Brevard Business News
- Type: Weekly newspaper
- Format: Tabloid
- Owner: Adrienne B. Roth
- Publisher: Brevard Business News Inc.
- Editor: Ken Datzman
- Founded: 1981
- Language: English
- Headquarters: 4300 Fortune Place Suite D Melbourne, Florida
- Circulation: 10,000 weekly
- Sister newspapers: Brevard Business News is an independent publication
- ISSN: 0889-5104
- OCLC number: 13920007
- Website: brevardbusinessnews.com

= Brevard Business News =

Weekly newspaper in Melbourne, Florida, United States

Brevard Business News is a weekly newspaper in Melbourne, Florida, United States, covering business news and trends for the Space Coast region of Central Florida. Coverage also includes non-profit organizations and educational institutions, health, technology and commerce, and other issues at the local and national level.

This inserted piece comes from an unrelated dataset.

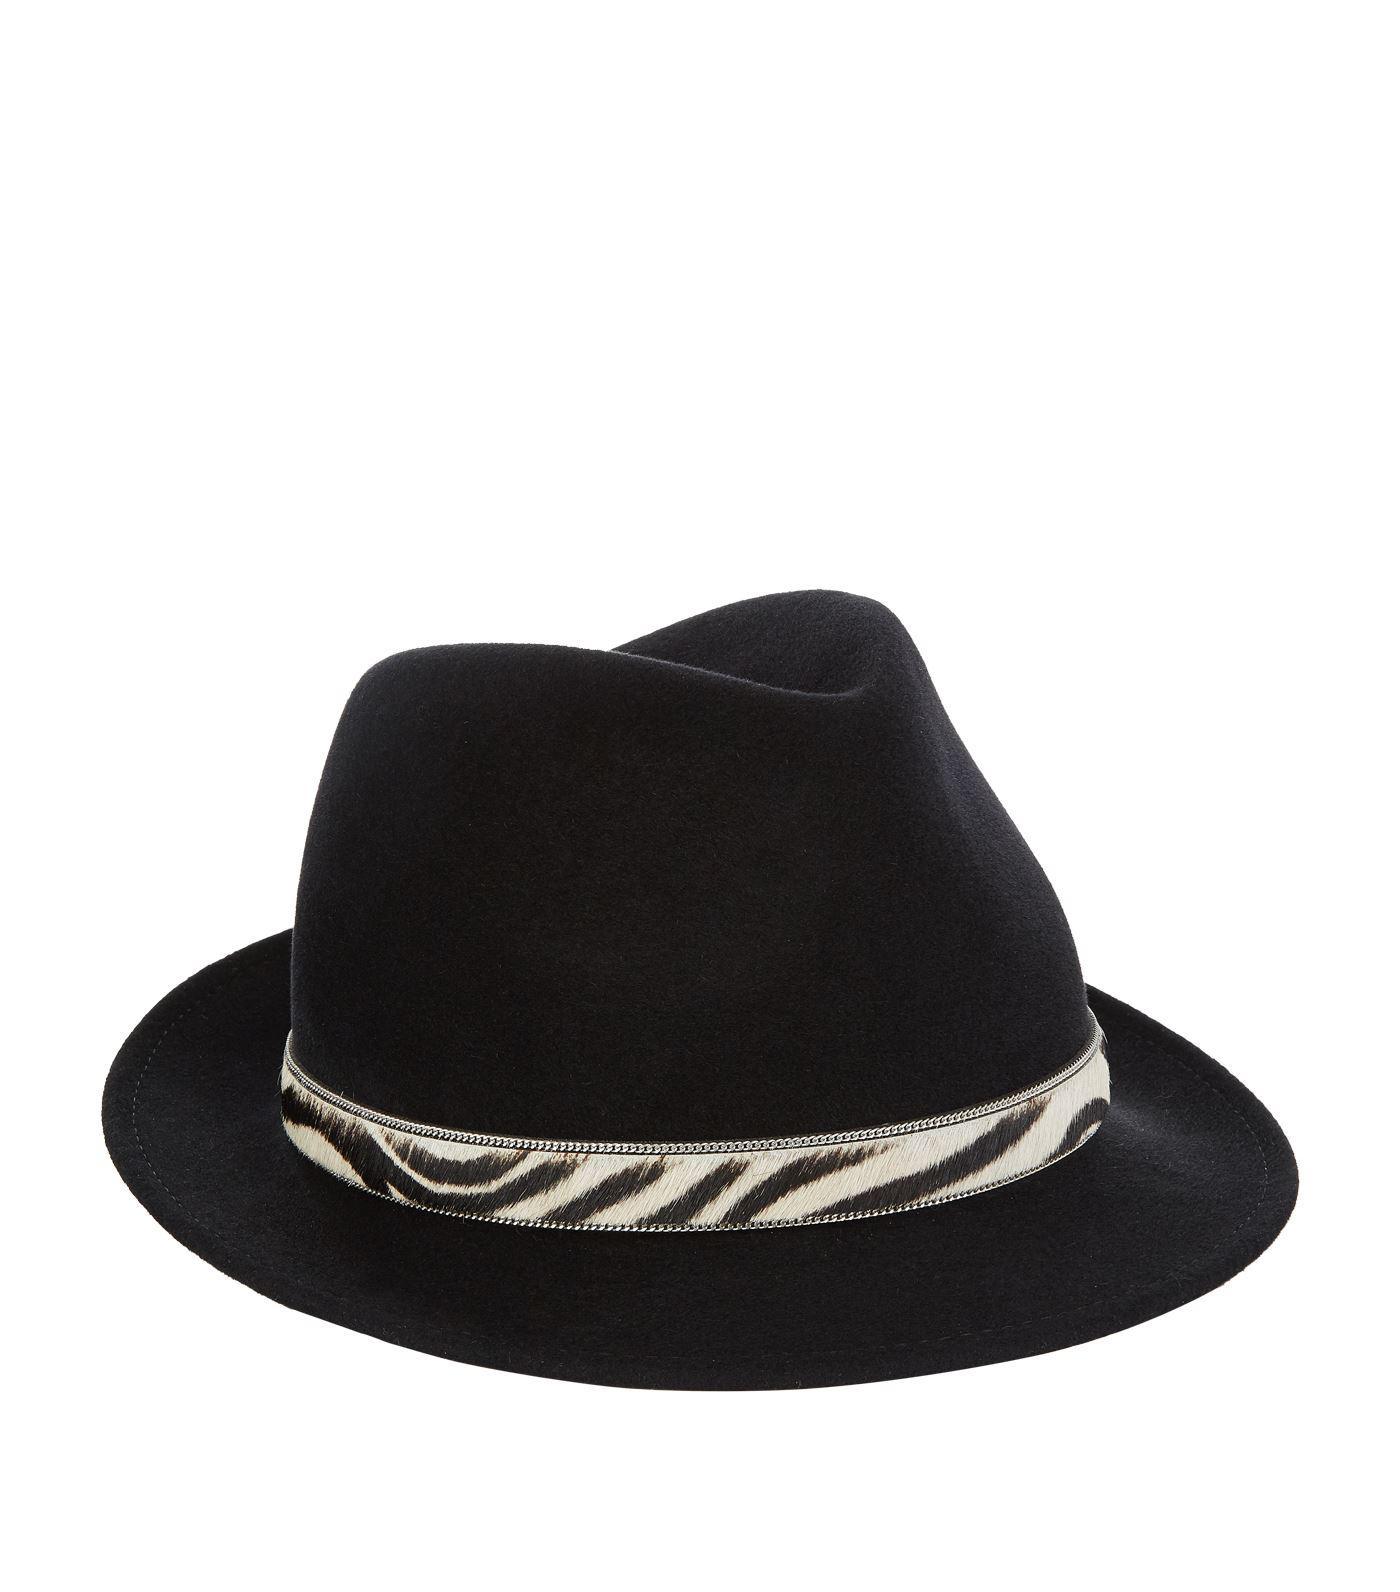 Philip Treacy Unicorn Pin Trilby Hat in White - Lyst 5f1bb288ed98

It publishes every Monday. By 1987, circulation reached 10,000.

==History==
Fred Krupski started Brevard Business News with a partner in 1981 and served as its president and publisher. Krupski, a Native of Philadelphia, Pennsylvania, worked in journalism for several years and helped start the Orlando daily before founding the Brevard Business News. During its early years, it was published bi-monthly, but changed to weekly. The office was originally located in Cocoa but moved to Melbourne. Ken Datzman served as the editor.

Adrienne B. Roth purchased it in 1986. Krupski continued reporting on business issues and eventually founded the News Observer in Titusville, Florida, where he served as the publisher.

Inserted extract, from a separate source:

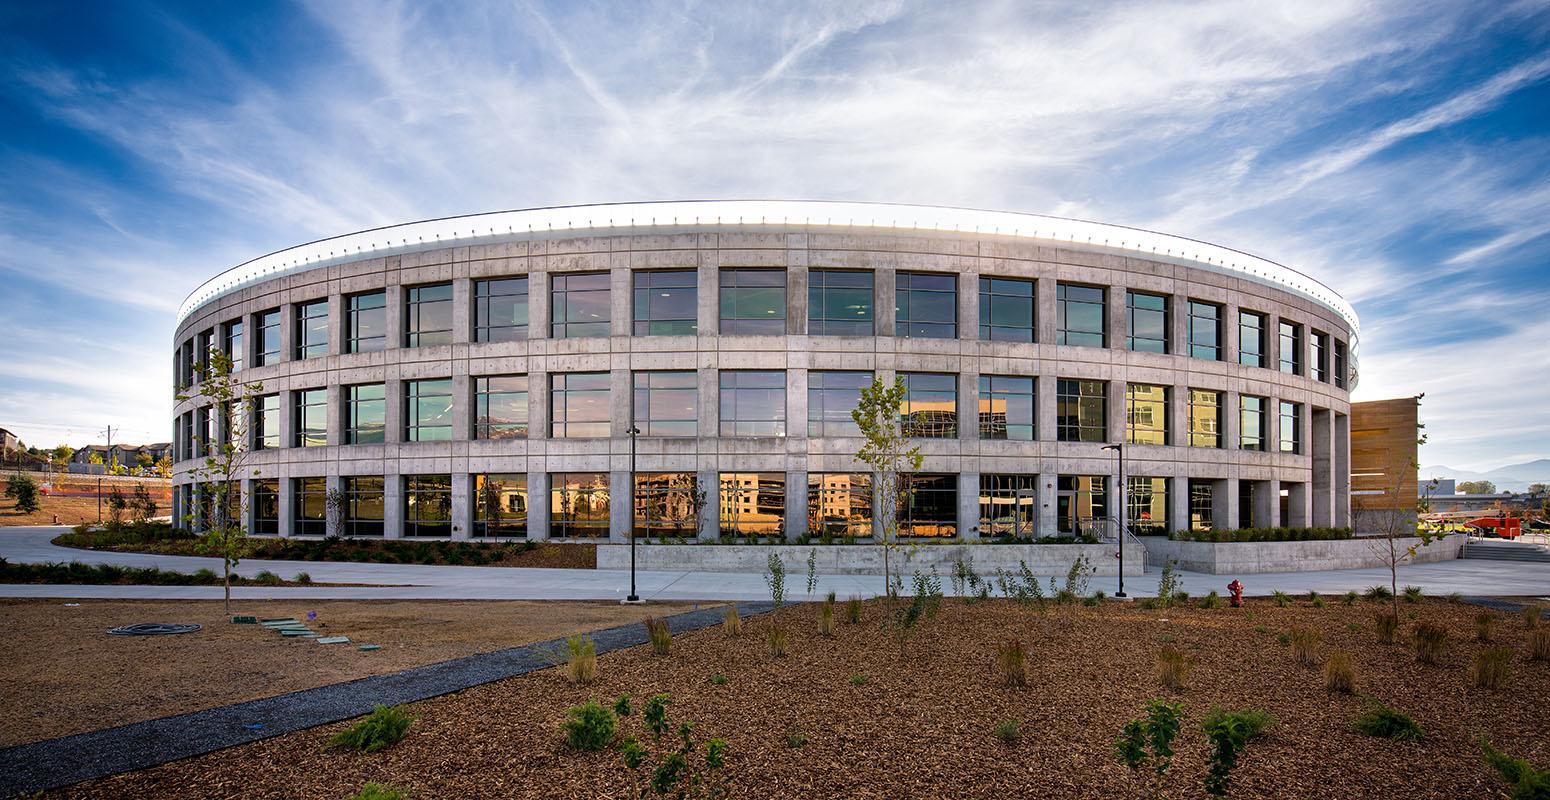 Overstock.com Headquarters, Parking Structure & Data Center (2016)

In 1988, Central Brevard Women's Network awarded Brevard Business News with the Eleanor Outstanding Achievement Award for making "significant contributions to women's issues, interests and financial welfare." In 2002, the Melbourne-Palm Bay Area Chamber of Commerce recognized Brevard Business News for contributions in media to the "public and the business community" at the 17th-annual Business Achievement Awards.